“Il presidente della Puglia Michele Emiliano non può esimersi dal venire in audizione in commissione Antimafia. A breve infatti sarà stabilita una data per la sua convocazione”. È quanto riferiscono – lo riporta Ansa – alcuni componenti della commissione parlamentare antimafia in merito alla lettera inviata dal governatore della Puglia, in cui Emiliano ha spiegato alla commissione di non ritenere opportuna una sua convocazione in questo momento.
Fonti romane chiarirebbero che “Emiliano non sia stato convocato in Commissione per questioni politiche – scrive l’agenzia Agi -, ma per questioni di polizia giudiziaria”. Anche se non ancora calendarizzata, in Commissione antimafia è stato convocato anche il procuratore della Dda di Bari, Roberto Rossi.
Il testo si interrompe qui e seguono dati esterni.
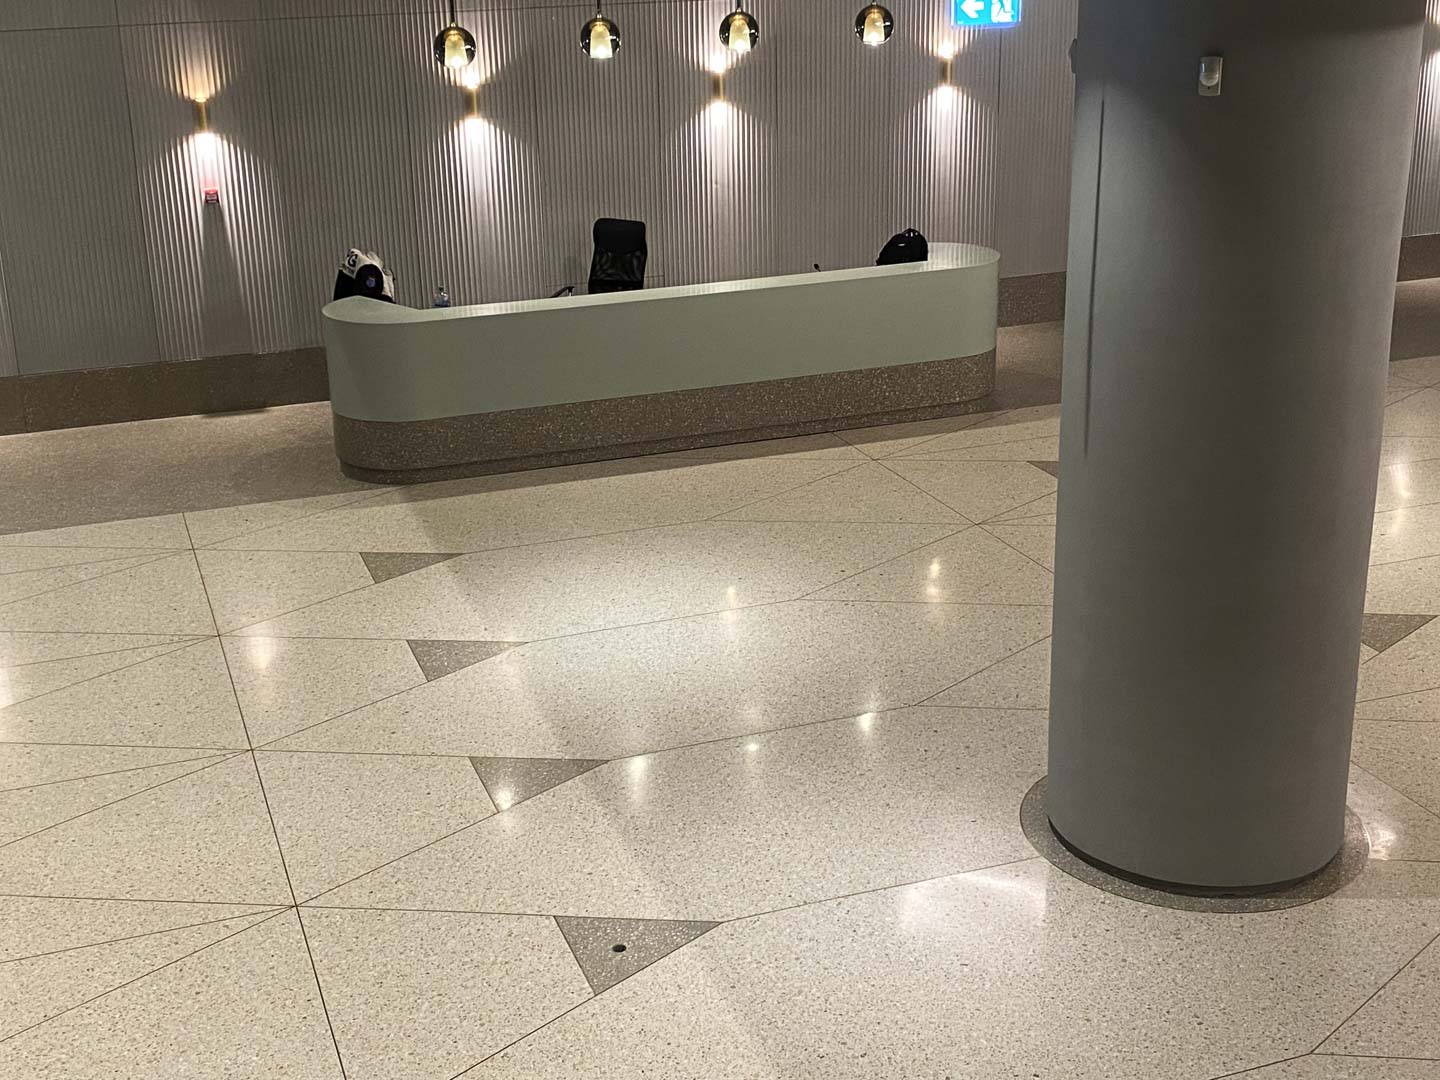 Tandem Office Building - an elegant design with terrazzo in the reception area, lobby lifts, stairs, and covings.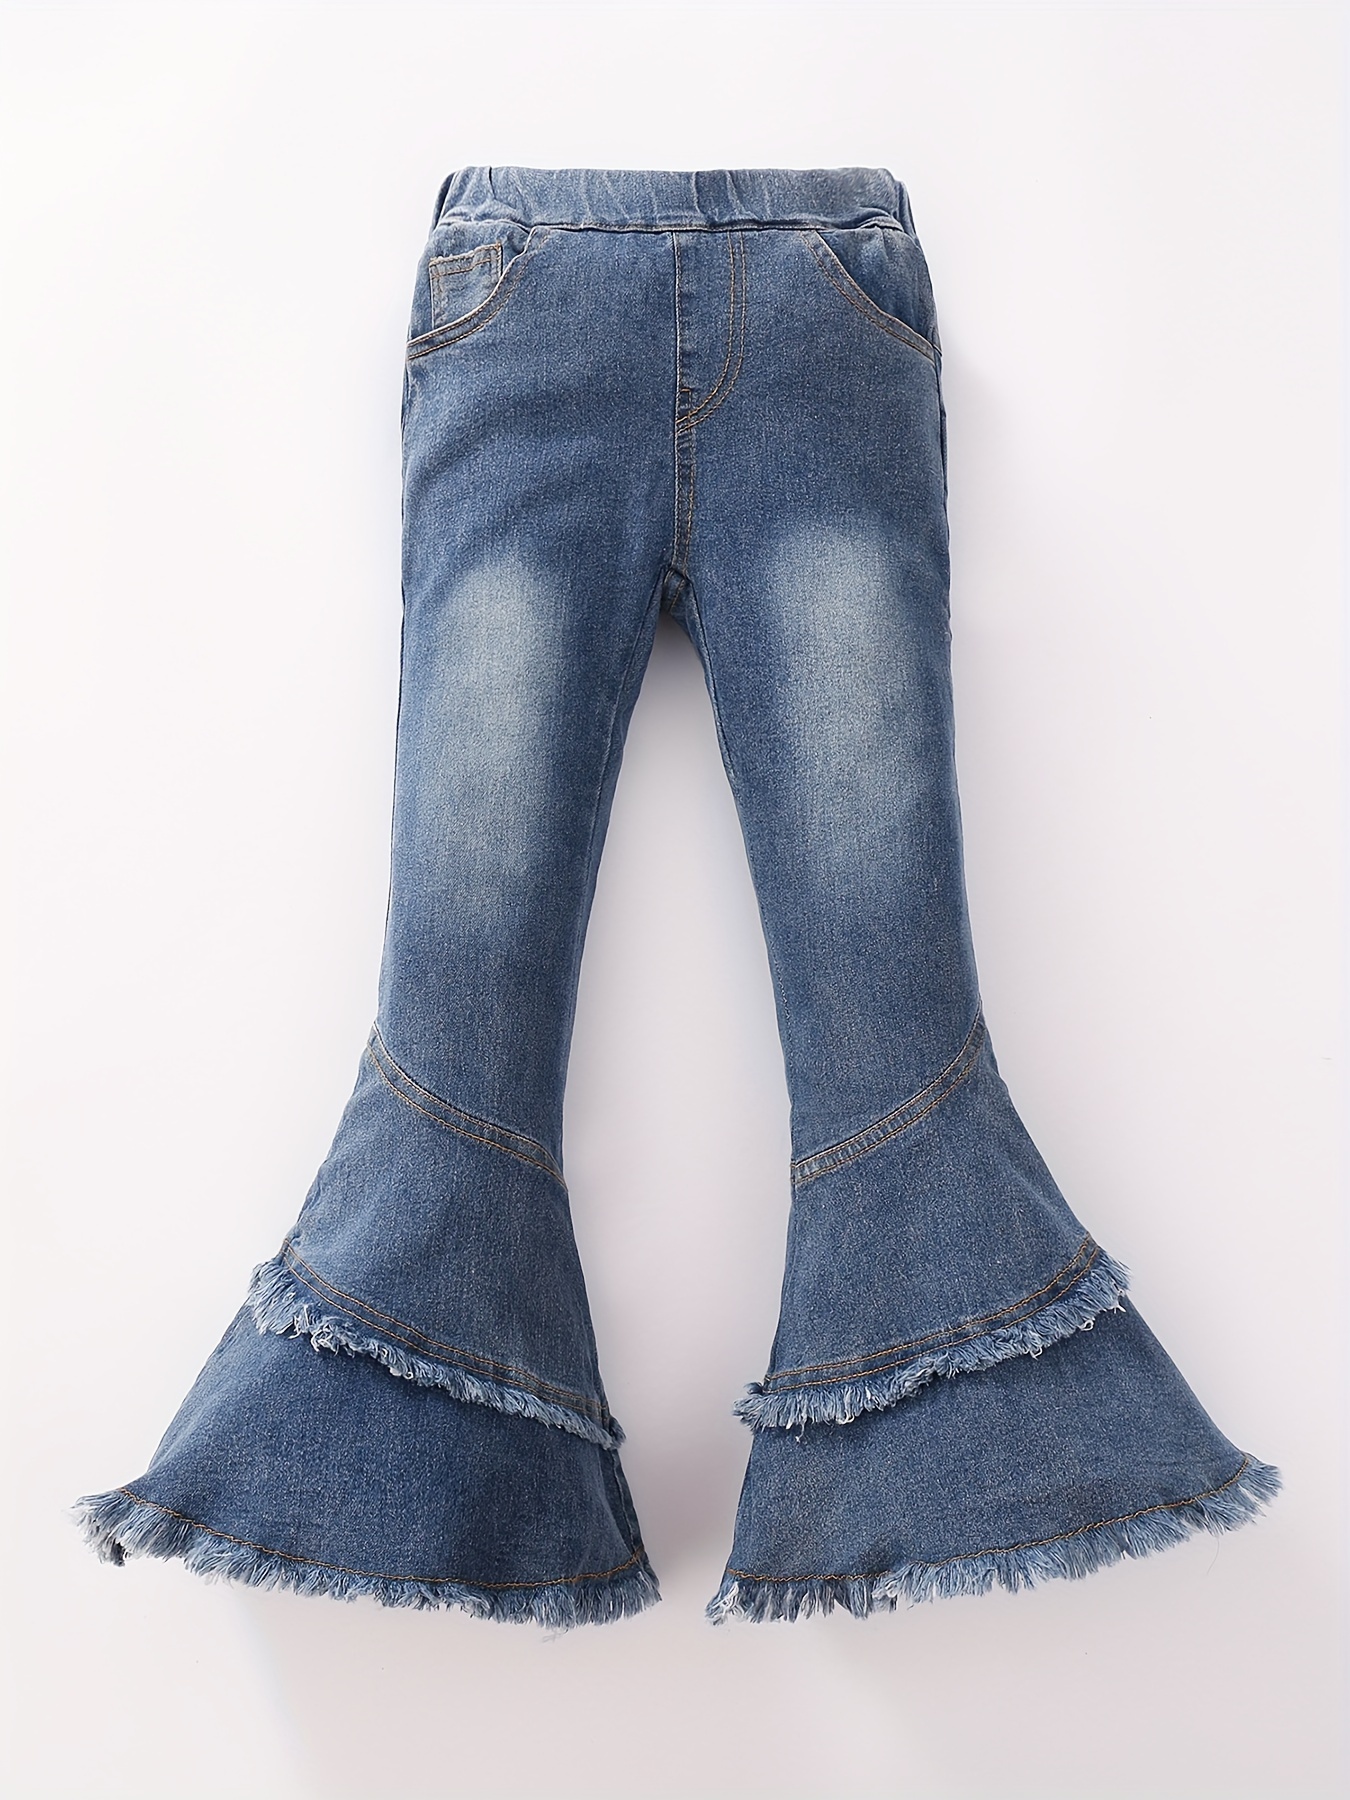 Girls Fashion Flared Washed Denim Pants, Trousers with Lace Trim, Comfortable Casual Jeans for Toddlers Kids Children,Temu

“Quello di Emiliano è un evidente gesto di debolezza. Se lui adombra eventuali gesti di strumentalizzazione politica si sbaglia. Noi conosciamo bene i limiti e i poteri dell’Antimafia e confermo da parte mia la richiesta di audizione del presidente della Puglia, affinché venga fatta chiarezza su alcune vicende”. Così la senatrice di Italia Viva e componente della commissione antimafia, Raffaella Paita, in merito alla lettera inviata dal governatore.